Caption: Some basic errors that were automatically detected.
Note: find_labels_issues can determine which of the given Labels Potentially invalid only out of sample pred_probs.
Now that we have the indices of potentially mislabeled examples (identified by automated techniques), let’s remove these 471 examples from our training dataset. The exact same Davinci LLM specification on the filtered dataset achieves a test accuracy of 66% (on the same test data where our original Davinci LLM achieved 63% accuracy). we Reduced model error rate by 8% using less But better quality Training data!
# Remove data flagged with potential label error.
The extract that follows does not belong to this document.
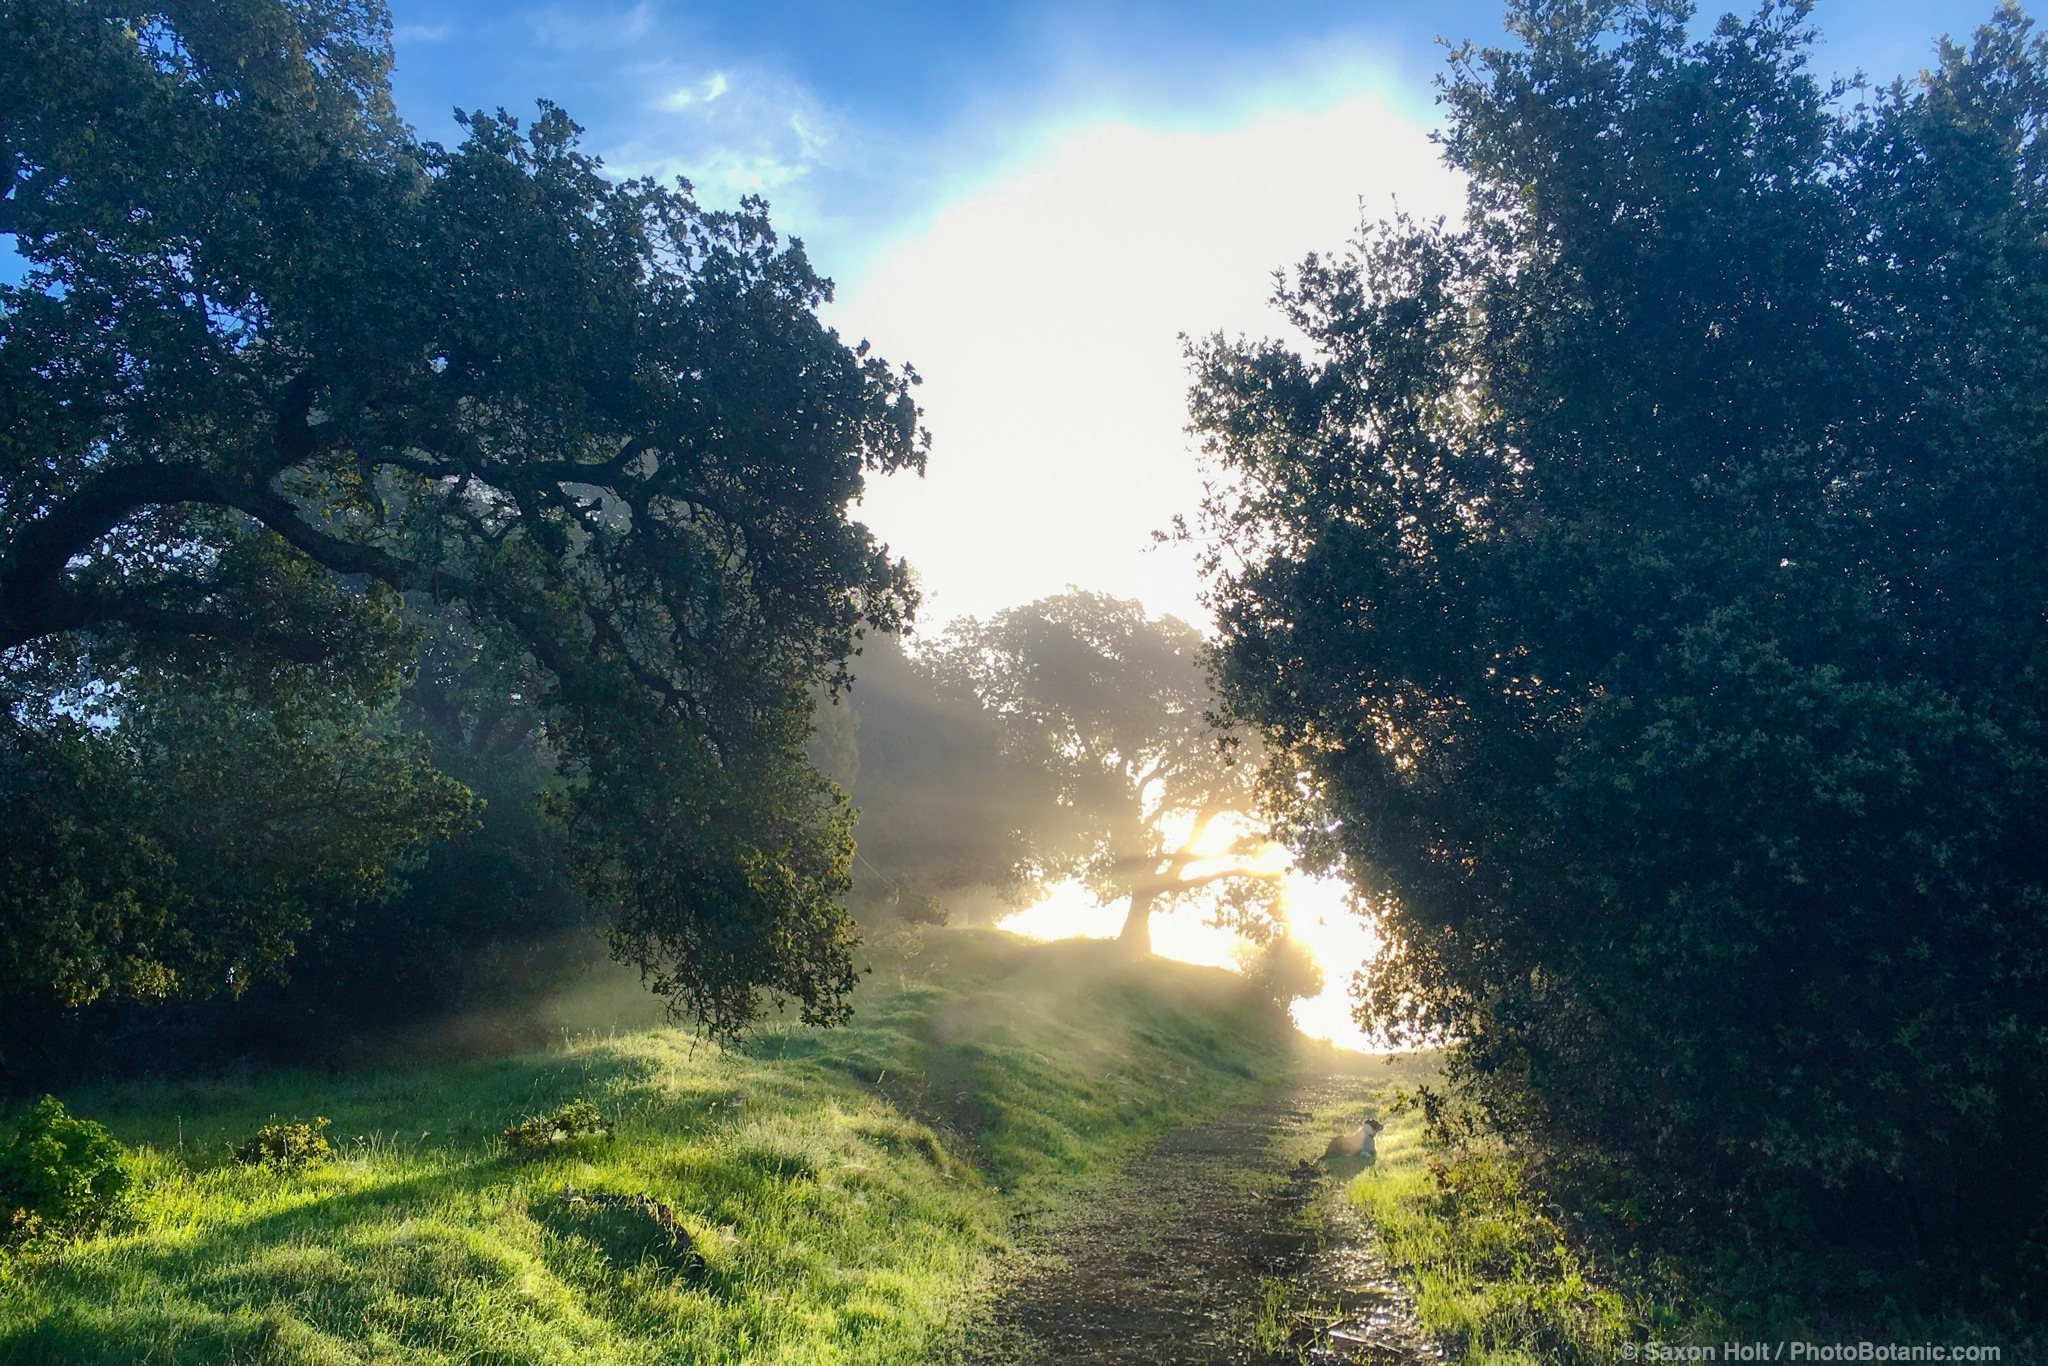 Morning light - fog breaking in the winter green hills California. Cherry Hill. 02/29/2016 08:02:58

train_cl = train.drop(issue_idx).reset_index(drop=True)
format_data(train_cl, "train_cl.jsonl")
# Train a more robust classifier with less erroneous data.
!openai api fine_tunes.create -t "train_cl_prepared.jsonl" -v "test_prepared.jsonl" --compute_classification_metrics --classification_n_classes 3 -m davinci --suffix "dropped"
# Evaluate model on test data.
!openai api fine_tunes.results -i ft-InhTRQGu11gIDlVJUt0LYbEx > autofiltered.csv
df = pd.read_csv('autofiltered.csv')
dropped_acc = df.iloc[-1]['classification/accuracy']
>>> 0.6604166626930237
Instead of automatically fixing auto-detected label problems through filtering, a smarter (though more difficult) way to improve our dataset would be to manually fix label problems. This simultaneously removes a noisy data point and adds an accurate one, but making such corrections manually is difficult. We did this manually using Cleanlab Studio, an enterprise data correction interface.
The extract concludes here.